Eddie Bierschwale (born June 29, 1959) is a former NASCAR Winston Cup driver from San Antonio, Texas. He made his Cup debut in 1983 in a car owned by his father Don. In 1985 he got a full-season ride with D.K. Ulrich and stayed with the team until the end of the 1986 season when he was let go. After bouncing from team to team in 1987 he returned to his father's team in 1988 and participated in a partial schedule with them until he retired from racing in 1992. His best Cup finish was a 10th in the 1989 Daytona 500 (he started the car, but jumped out of the car in favor of Kyle Petty, who had failed to qualify for the race in his No. 42).
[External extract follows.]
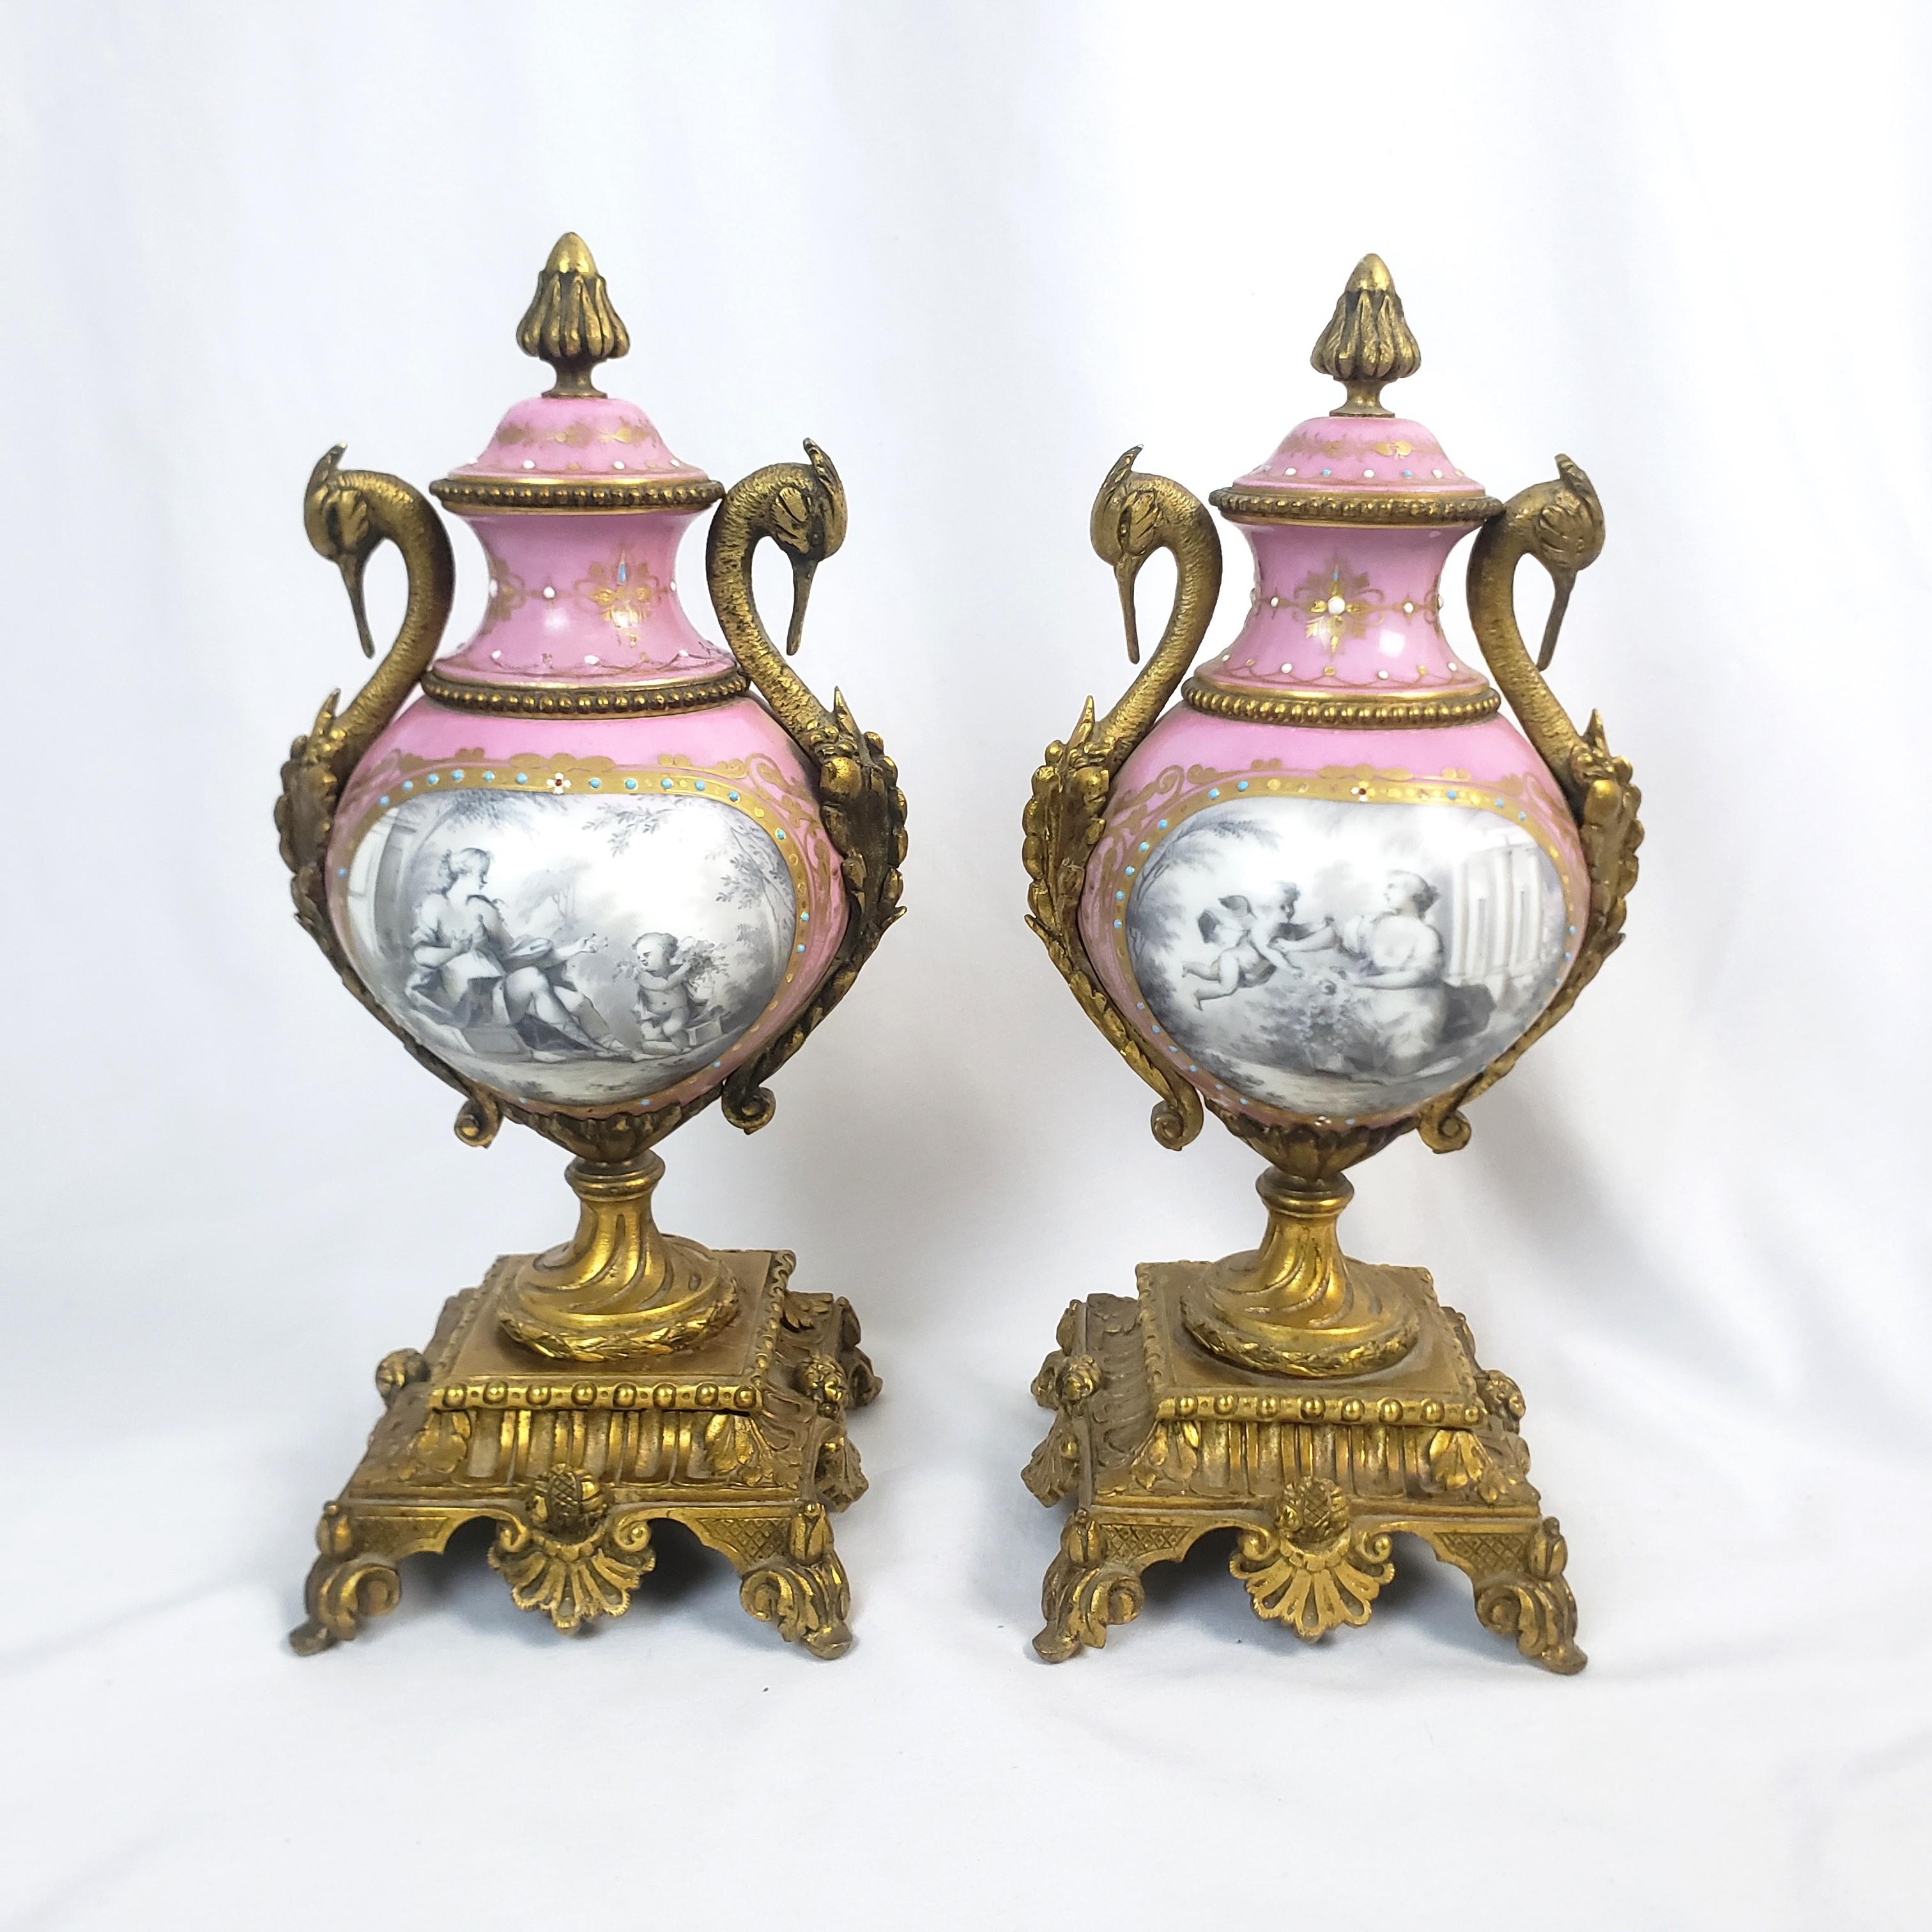 This pair of antique garnitures are unsigne, but presumed to have originated from France and date to approximately 1875 and done in the Sevres style. The garnitures are done in porcelain with ornate gilt bronze finial, stylized figural swan handles

Bierschwale is also the driver who famously served as a relief driver for Richard Petty’s No. 43 ride in the 1992 Pepsi 400, as Petty was suffering from the effects of the hot weather in Daytona Beach, Florida that day, rendering him unable to finish. He often raced in the No. 23.

Biographical
His father Don was a funeral director who started a racing team with a co-founder. The team was B-B Racing.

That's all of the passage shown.